The news of Lee Rhiannon’s political suspension has caused intense interest in academic circles.

My colleagues and I have always been of the view that it’s impossible for a Greens Senators to do anything so boneheaded that the Party would suspend them. We were influenced by the fact that such a sanction has never been applied to Sarah Hanson-Young.

While Lee seems to be of a political persuasion that derives boundless joy from waving a little flag every time Kim Jong-un appears, there’s no evidence yet of her threatening Trump with intercontinental ballistic missiles.

If it wasn’t for the fact that Malcolm is so desperate to retain his vote, a similar suspension could have befallen Tony. Following Malcolm’s decision to keep Tony outside the cabinet tent pissing in he would surely welcome a further degree of separation from him before he gets flooded out.

At this point, the only imminent suspension from the Labor Party would appear to be the CFMEU. If Bill Shorten persists with his aim of building a new Labor Party he’s obviously going to need the intervention of the ABCC at some stage.

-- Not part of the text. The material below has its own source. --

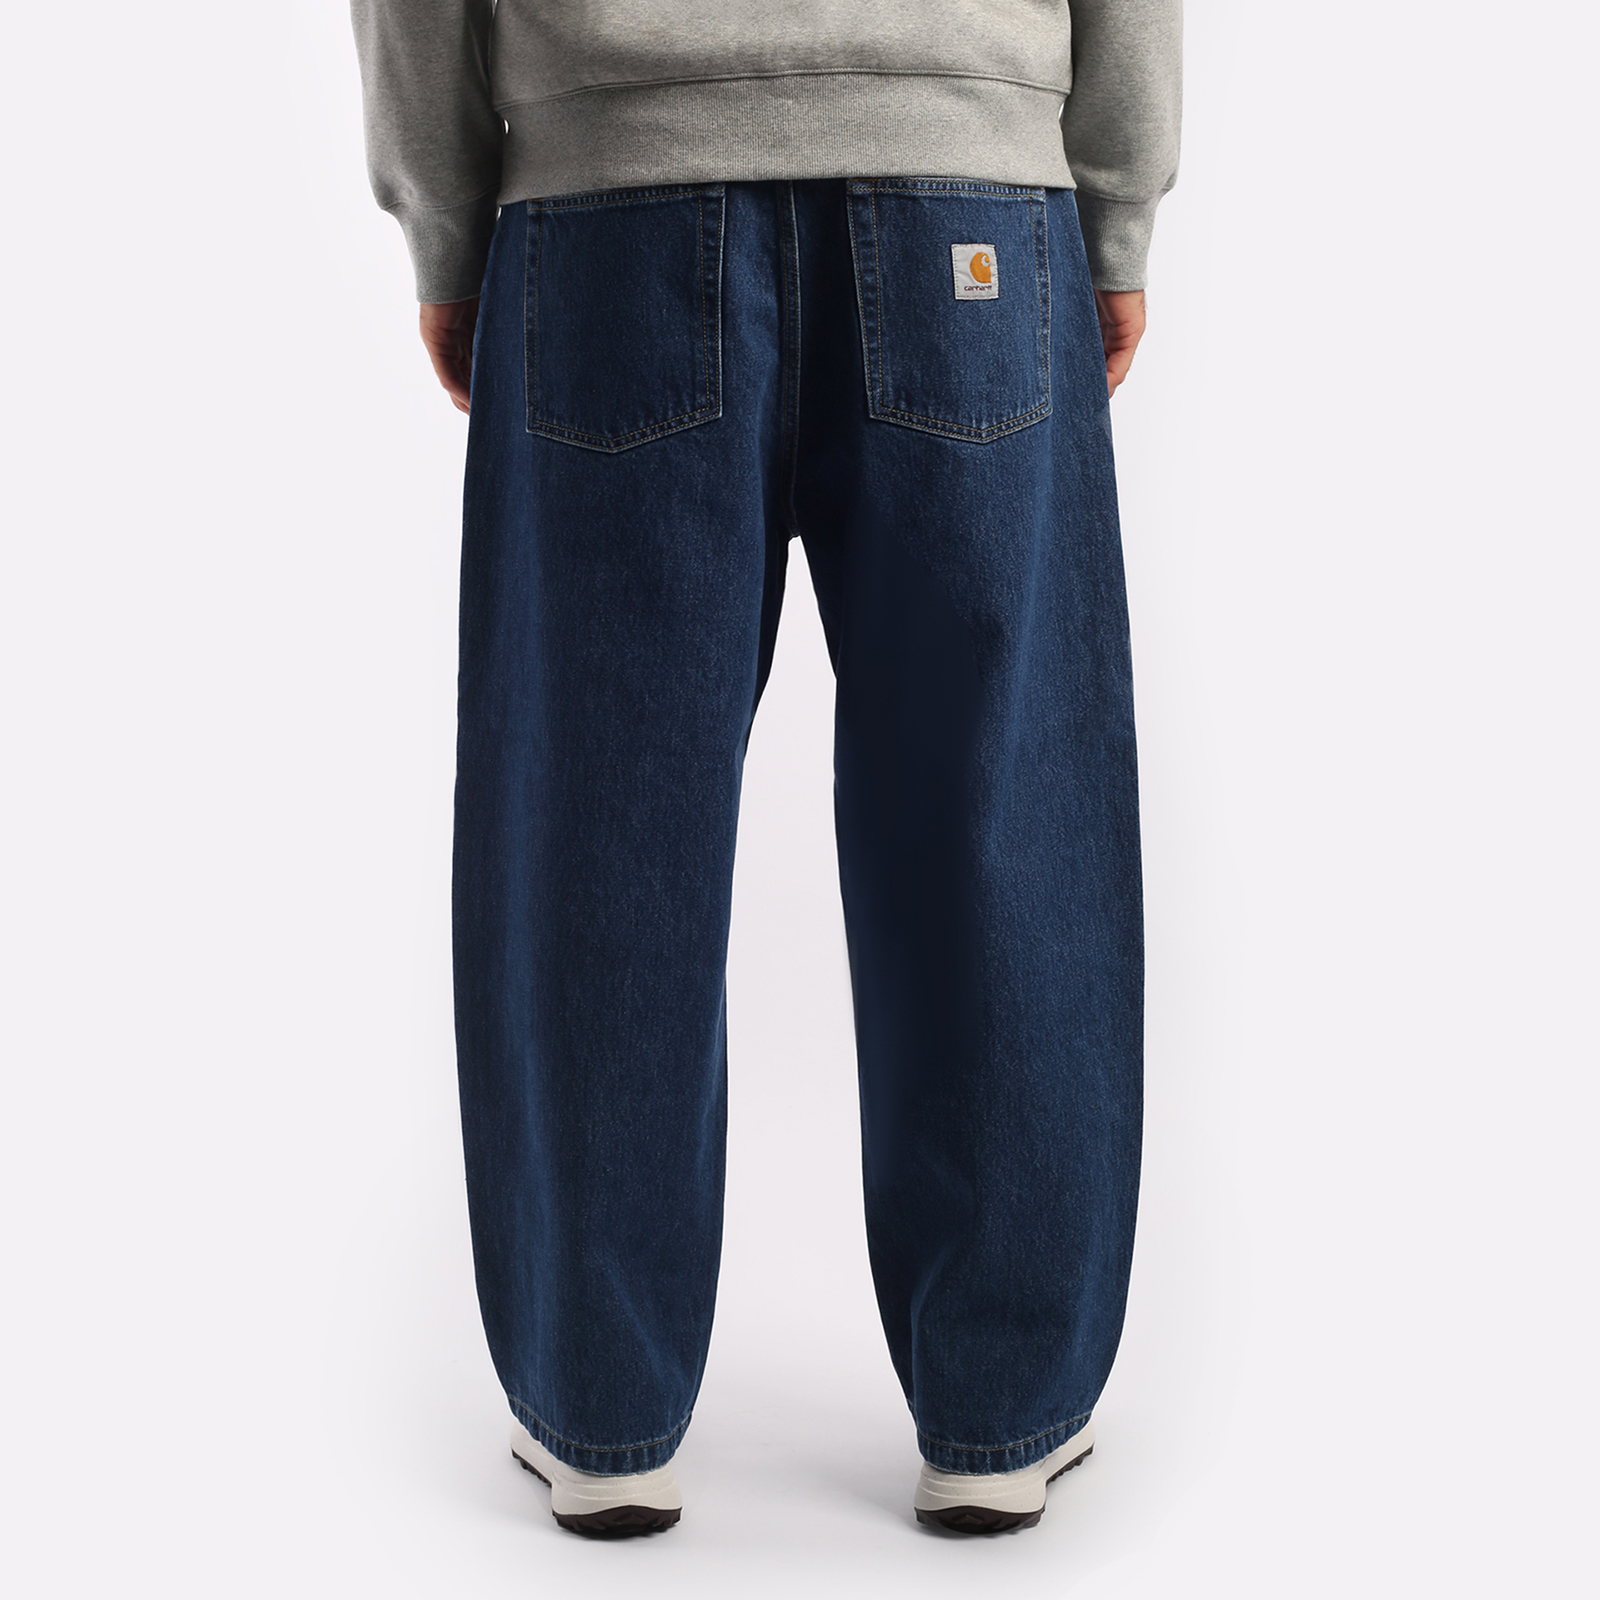 мужские брюки Carhartt WIP Smith  (I031246-blue)  - цена, описание, фото 2

The public should be vested with the power to suspend MPs who turn out to be absolute plonkers. For example, my academic think tank believes that any prime minister who leads his party to fifteen successive losses in Newspoll should be immediately suspended and sent for a period of reflection and recuperation in a political vacuum, perhaps as chair of Cricket Australia.

 

There are politicians who should be suspended from time to time as a kindness to the public.

 

Malcolm seems incapable of following Jeff Horn’s example of winning on points because he never seems to make any that anyone takes any notice of.

There are politicians like Christopher Pyne, Tanya Plibersek and Jacqui Lambie who should be suspended from time to time as a kindness to the public to give them space to regroup and refocus and hopefully cultivate a renewed enthusiasm for politics.

This new wave of politician suspensions is arguably a logical follow-up to the pioneering work done by Bronnie as Speaker. It’s entirely possible she was retained by the Greens to consult on Lee’s suspension.

Some experts are theorising that as suspensions play an even wider role in re-energising Australian politics a group of suspended politicians could come together and form a new political movement called the Suspense Party.

If it offered Lee’s policies of free health and education, Tony’s policies of free enterprise and budget surpluses and the CFMEU’s policy of a pay rise every month it would certainly comprise a combination that could keep everybody in Suspense.

 

Adjunct Professor Cec Poole failed on twenty occasions to get elected to parliament so he decided that the only way to influence people to listen to him was by becoming an academic. He has also consistently failed to get a gig on Q&A.